When I was a Security Policeman in the Air Force I was on the marksmanship team. I made it to the World Wide Championships and one day as we were practicing with the M-16’s at 100 yards I had holes all over my target. Well, i knew I was a better shot than that so i started to aim at the head instead of the ten ring. Sure enough, upon checking my target I had a nice tight group in the forehead and many other scattered all over. I looked over to my buddies and they started to laugh. They were both shooting at my target to mess with me.
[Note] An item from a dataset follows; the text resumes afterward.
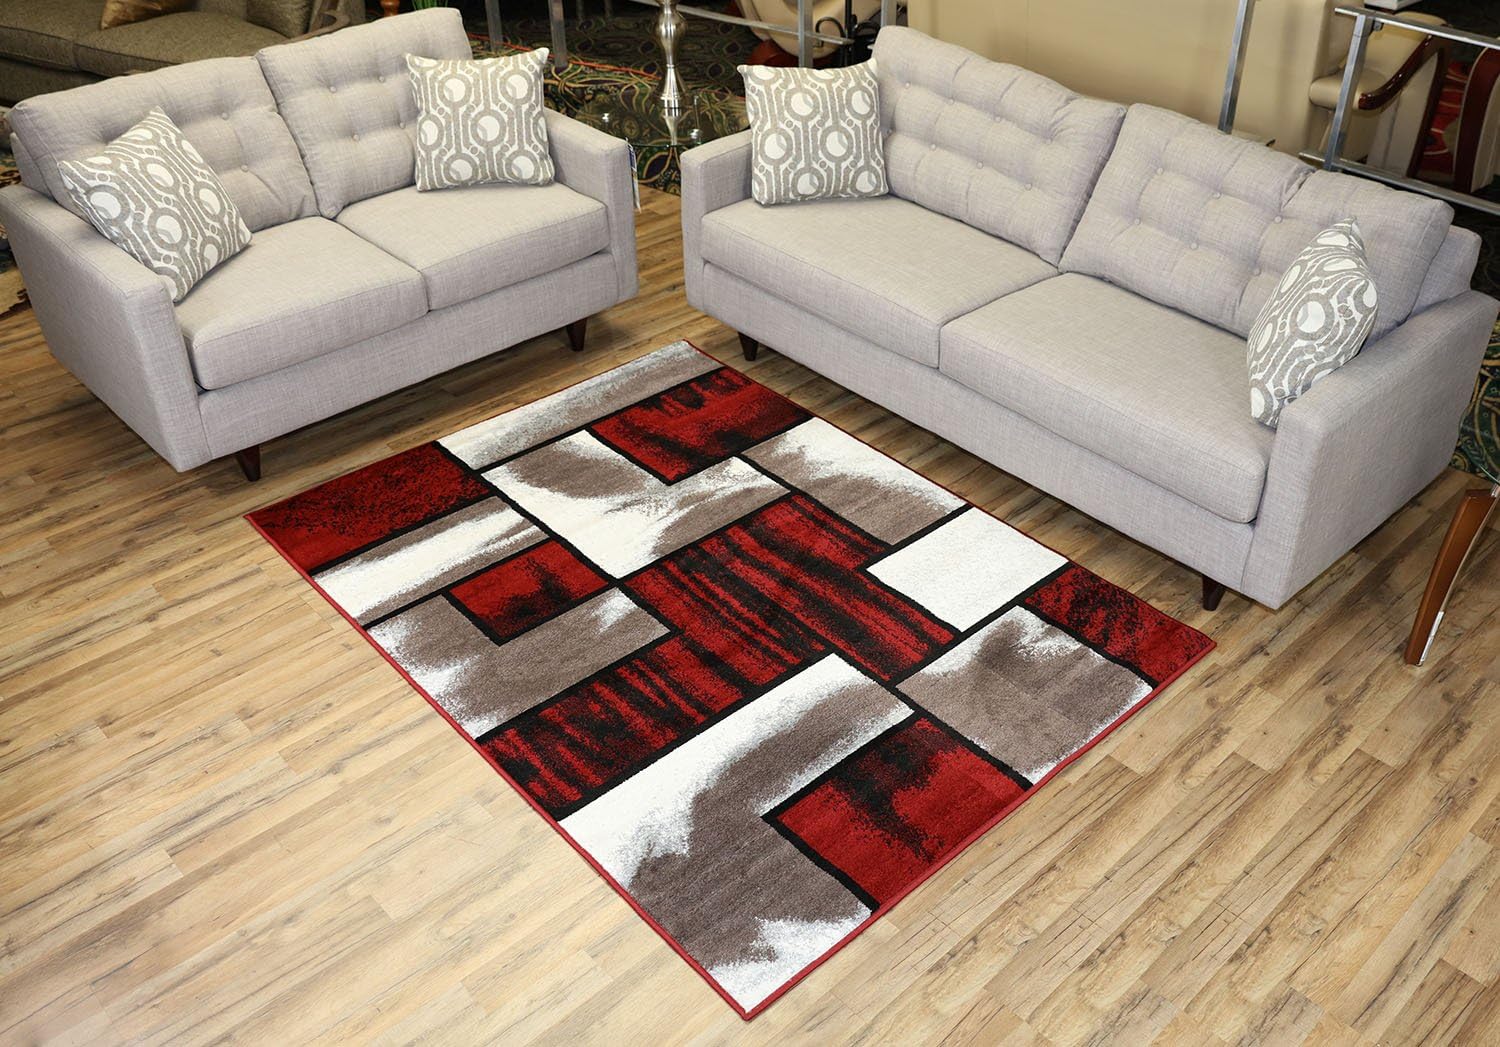 Comfy Collection Squares Contemporary Geometric Design Area Rug (Red/Cappuccino, 4'11" x 6'11")

I beat ‘em both in the matches with both the M-16 and .38. Ha, I got the last laugh. It was a heck of a good time though.


----------



## PanaDP (Jul 20, 2007)

That's a bit like when my Dad and I were testing loads in his blackhawk. We were shooting at 25 yards and we retrieved the target one of the times and it had a dozen big .45 holes and a whole bunch of tiny holes. We were next to a guy shooting .22s with his two boys. We took notes and gave him the target. He said he was relieved because he thought they weren't even hitting the paper most of the time.


----------



## txpete (Nov 29, 2006)

years ago at the range at ft hood they had a steel ram at 800 meters.one day I was shooting with some friends with scoped 30-06 rifles and they wanted to try out the ram.well after miss after miss I asked to try out my rifle.I set up on the bags with my K98K 8mm set the rear sight on 800 meters and sqeesed off a shot....bang....clang.I put the rifle up:anim_lol::anim_lol: luckiest shot I ever made.
pete


----------